- _Source data_:

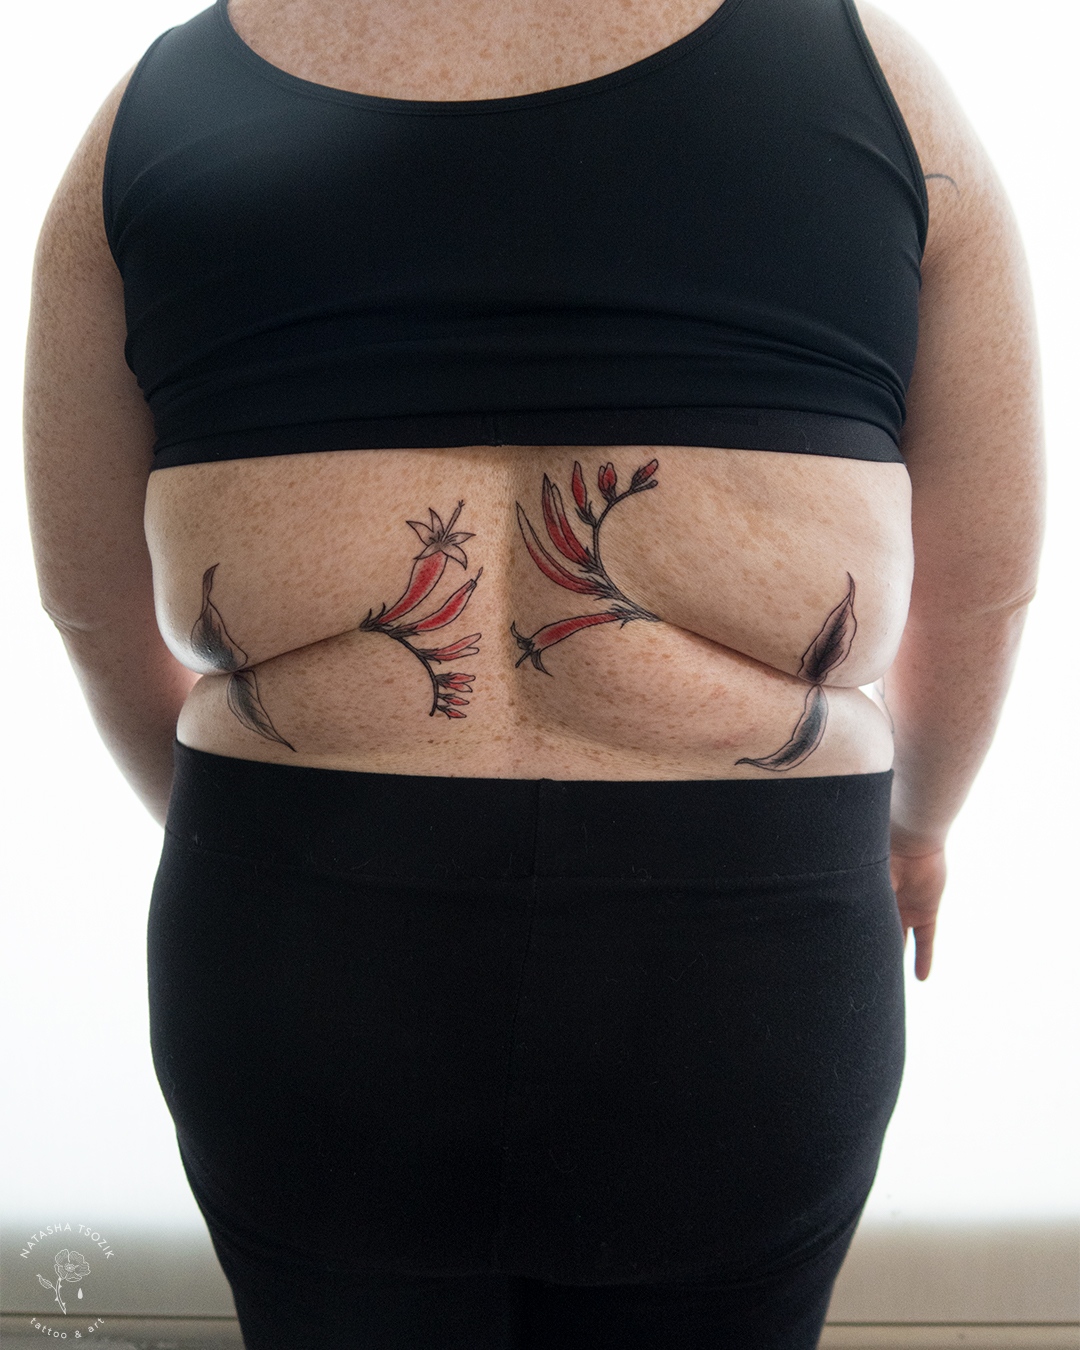 Expert Surgical Tattoo Removal | From £595 | UKSKIN
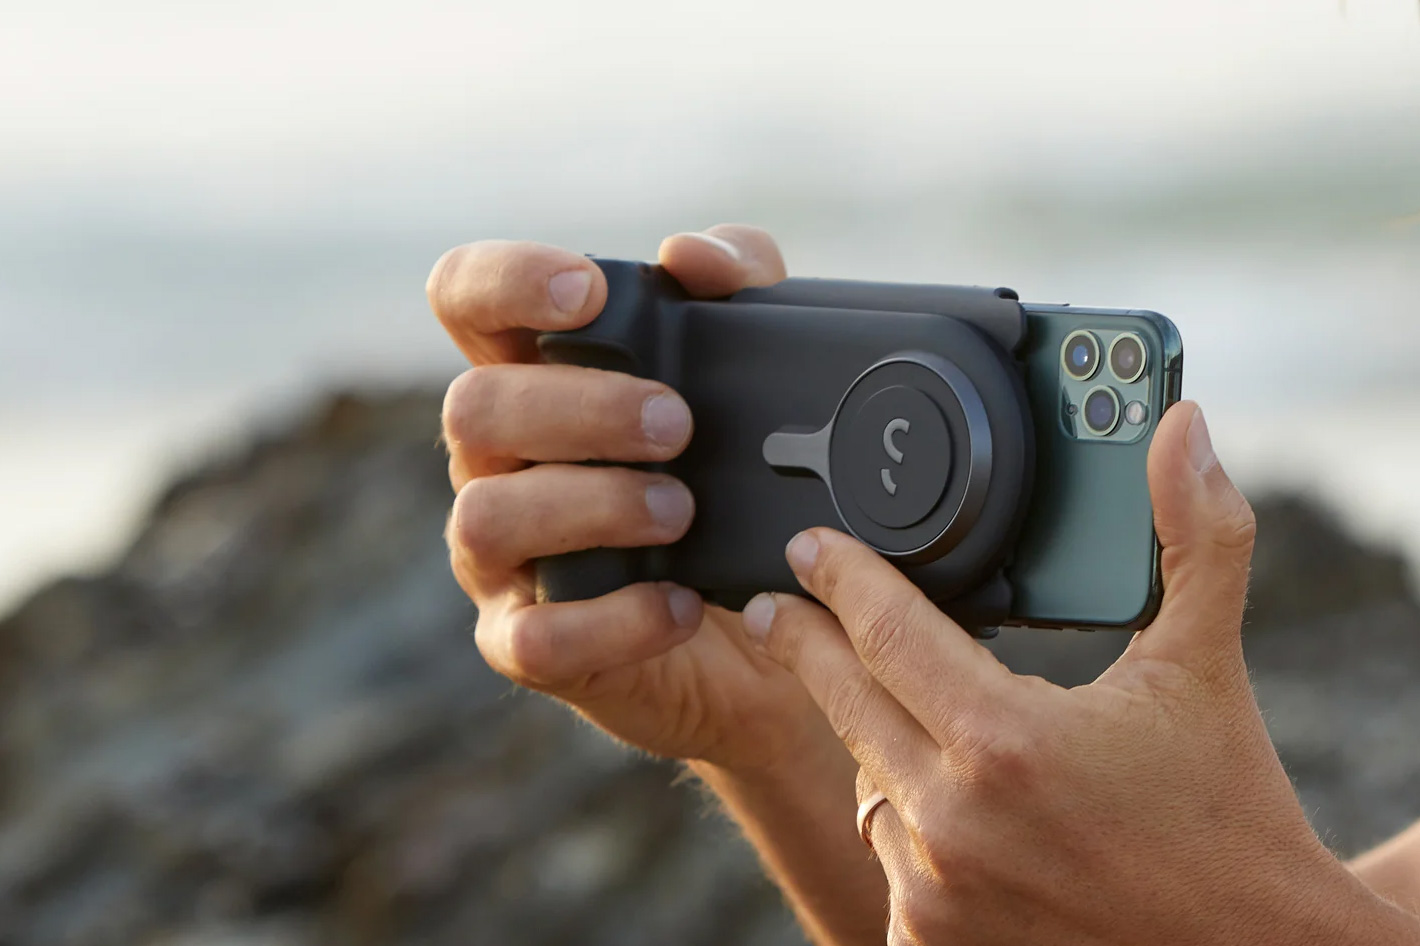 Need stability? Get a ShiftCam ProGrip for your smartphone
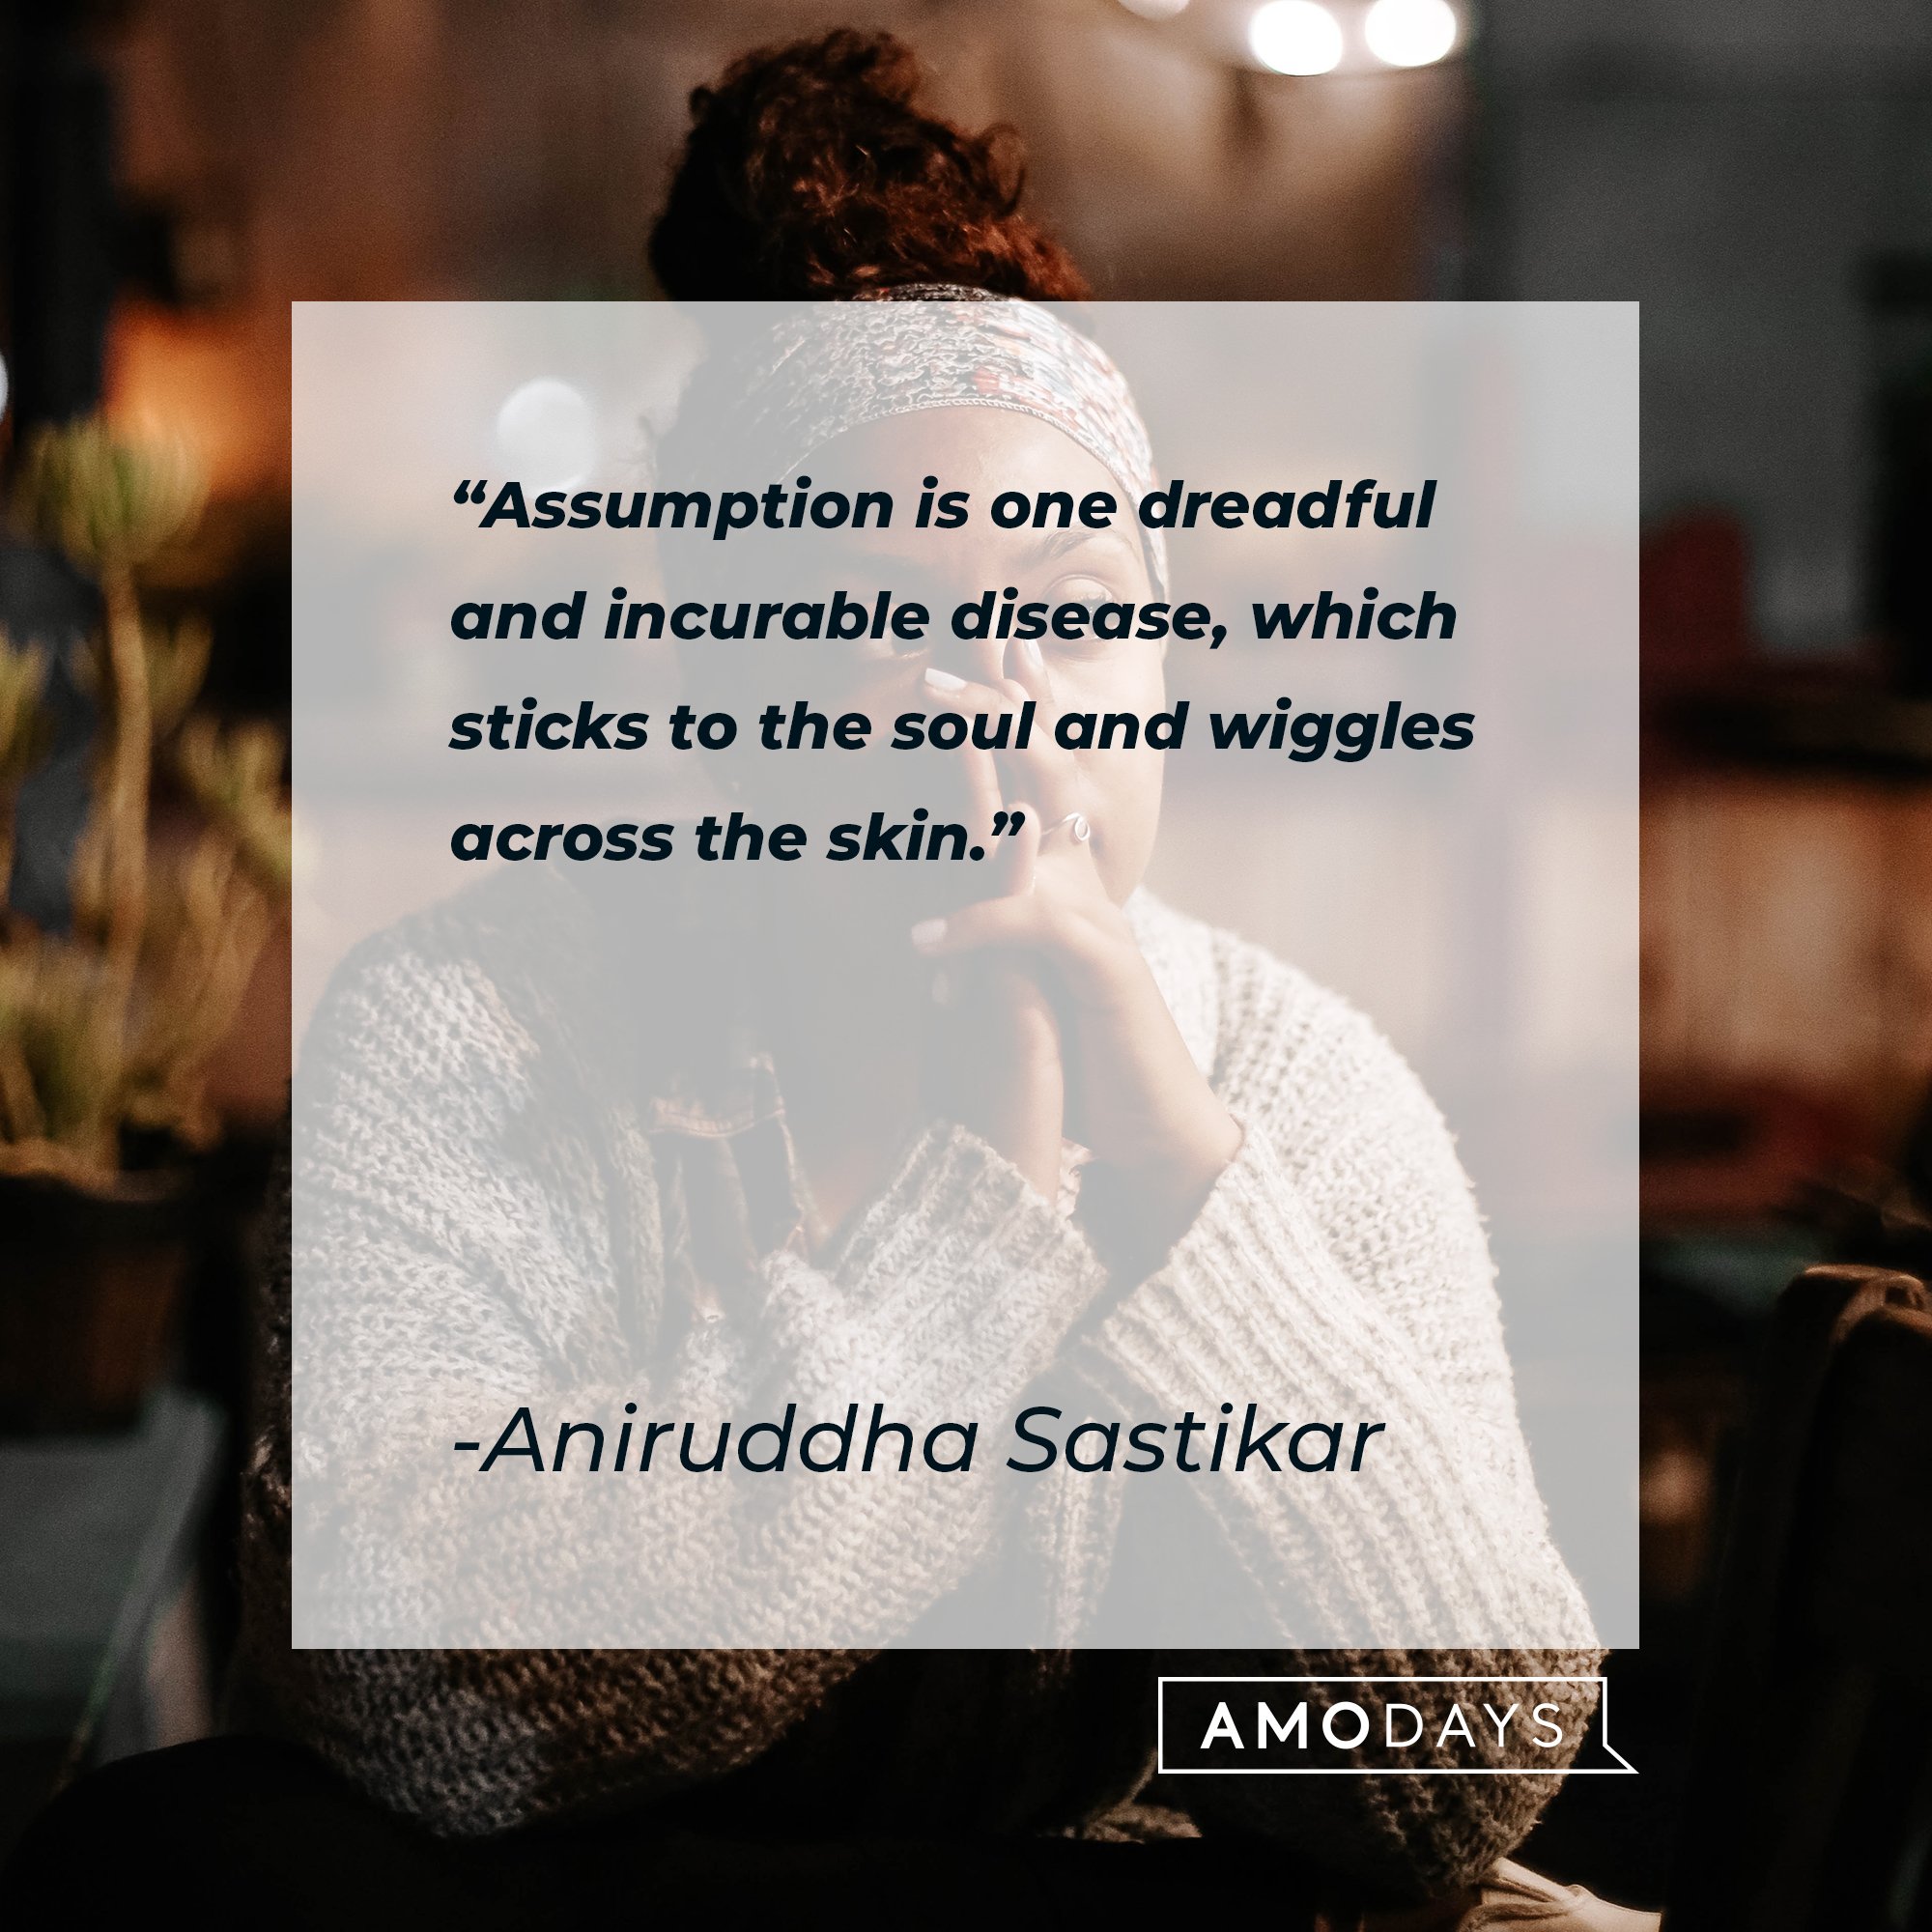 Aniruddha Sastikar’s quote: “Assumption is one dreadful and incurable disease, which sticks to the soul and wiggles across the skin.” | Image: AmoDays

- _Task requirements_: With the pictures left out, give again exactly the lines from the one that contains "Need stability? Get" through the final line of the data above.

- _Result of the exercise_:
 Need stability? Get a ShiftCam ProGrip for your smartphone
 Aniruddha Sastikar’s quote: “Assumption is one dreadful and incurable disease, which sticks to the soul and wiggles across the skin.” | Image: AmoDays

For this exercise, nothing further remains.